EHC Biel-Bienne is a professional ice hockey club based in the bilingual city of Biel/Bienne, Switzerland and plays in the National League (NL). Since the city of Biel is completely bilingual, alongside the German name EHC Biel (Abbr: EHCB) the team also has a French name, HC Bienne (Abbr: HCB). The team plays its home games in the 6,521-seat Tissot Arena.

History
EHC Biel played in lower Swiss ice hockey leagues until they got promoted in the second-tier Swiss League in 1960. In 1975 EHC Biel won the Swiss League-title and got promoted to the first level, the National League.

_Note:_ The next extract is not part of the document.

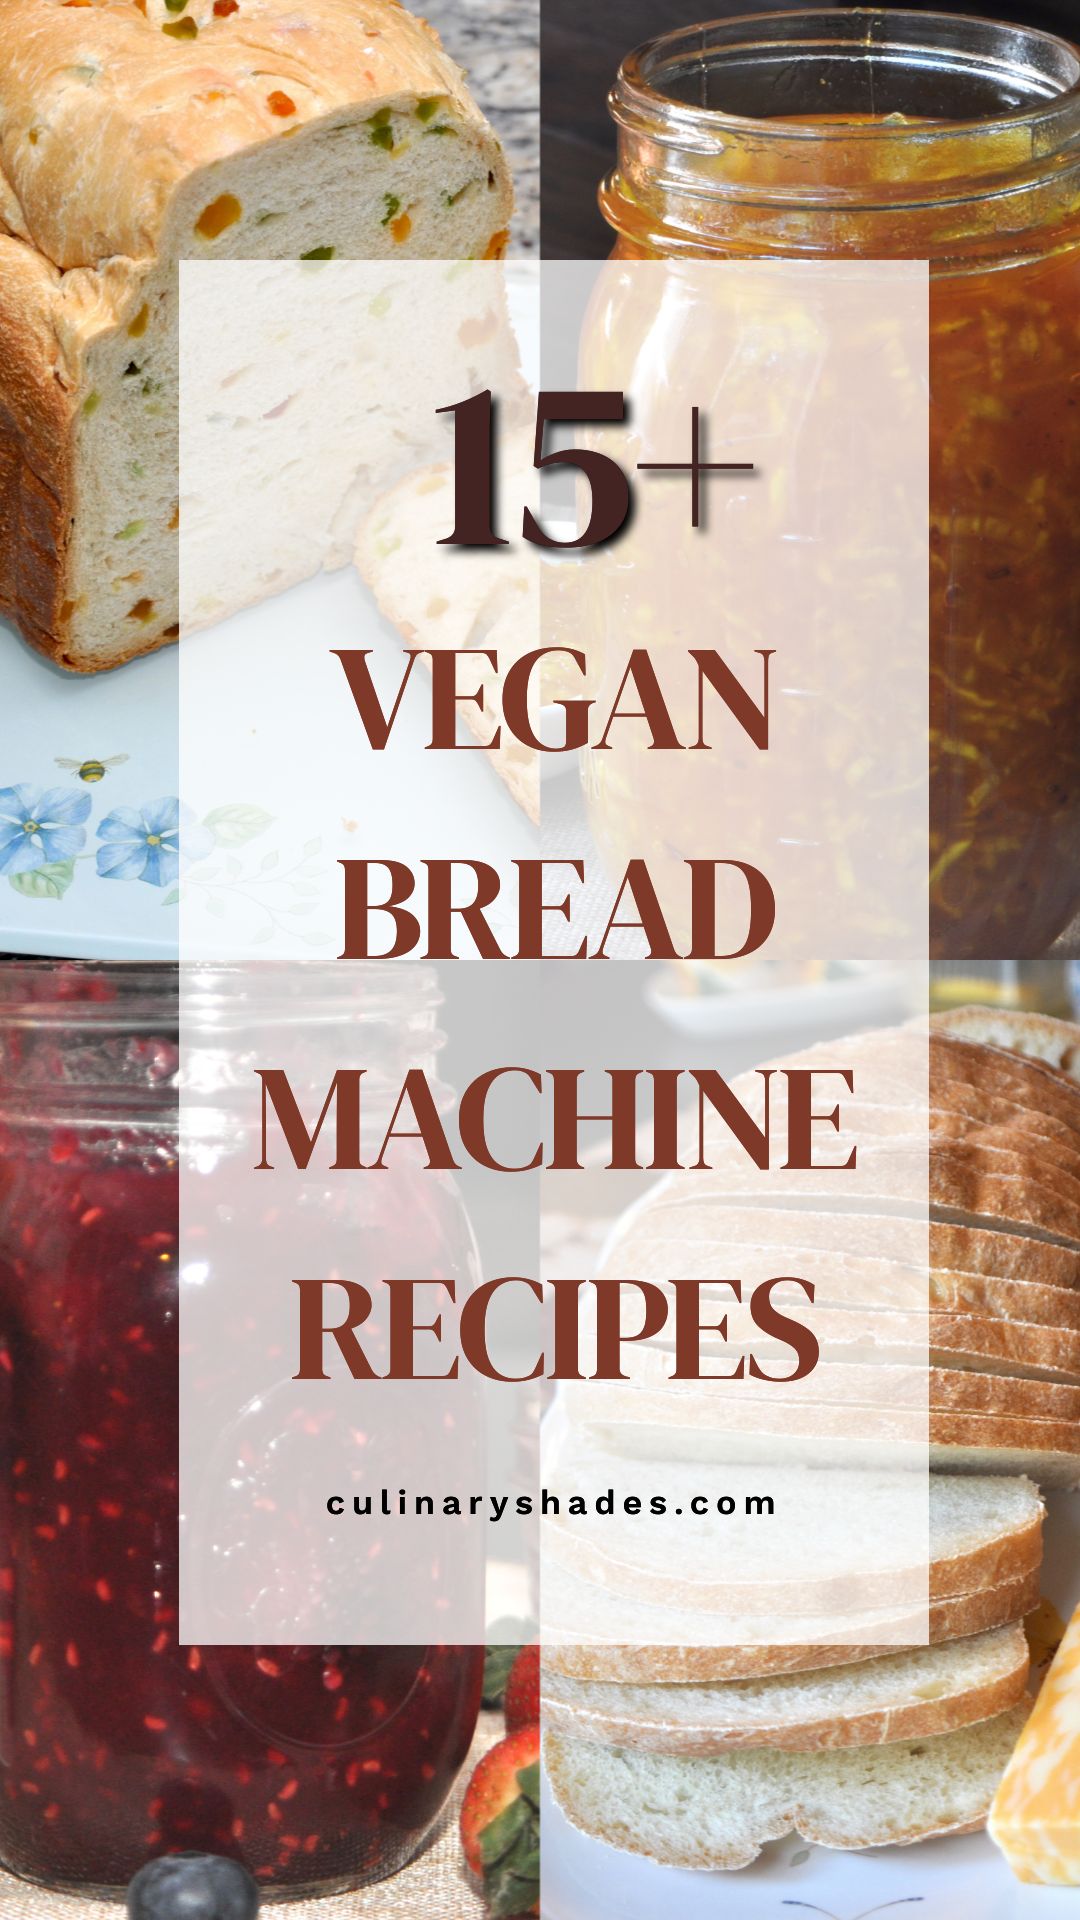 Vegan Bread Machine Recipes pin.

During the 20 years between 1975 and 1995 the club won three national championships in 1978, 1981 and 1983 under three coaches (František Vanek, Ed Reigle, Kent Ruhnke). After the relegation in 1995 EHC Biel had to wait 13 years until their return to the NL. After three consecutive championship victories in the second-tier Swiss League, EHC Biel was reinstated into the NL, winning the promotion/relegation best of 7 series against EHC Basel 4-0 in 2008.

A strong local rivalry exists with the SCL Tigers, SC Bern, EHC Olten, and HC Ajoie. Games between these teams often attract sell-out crowds.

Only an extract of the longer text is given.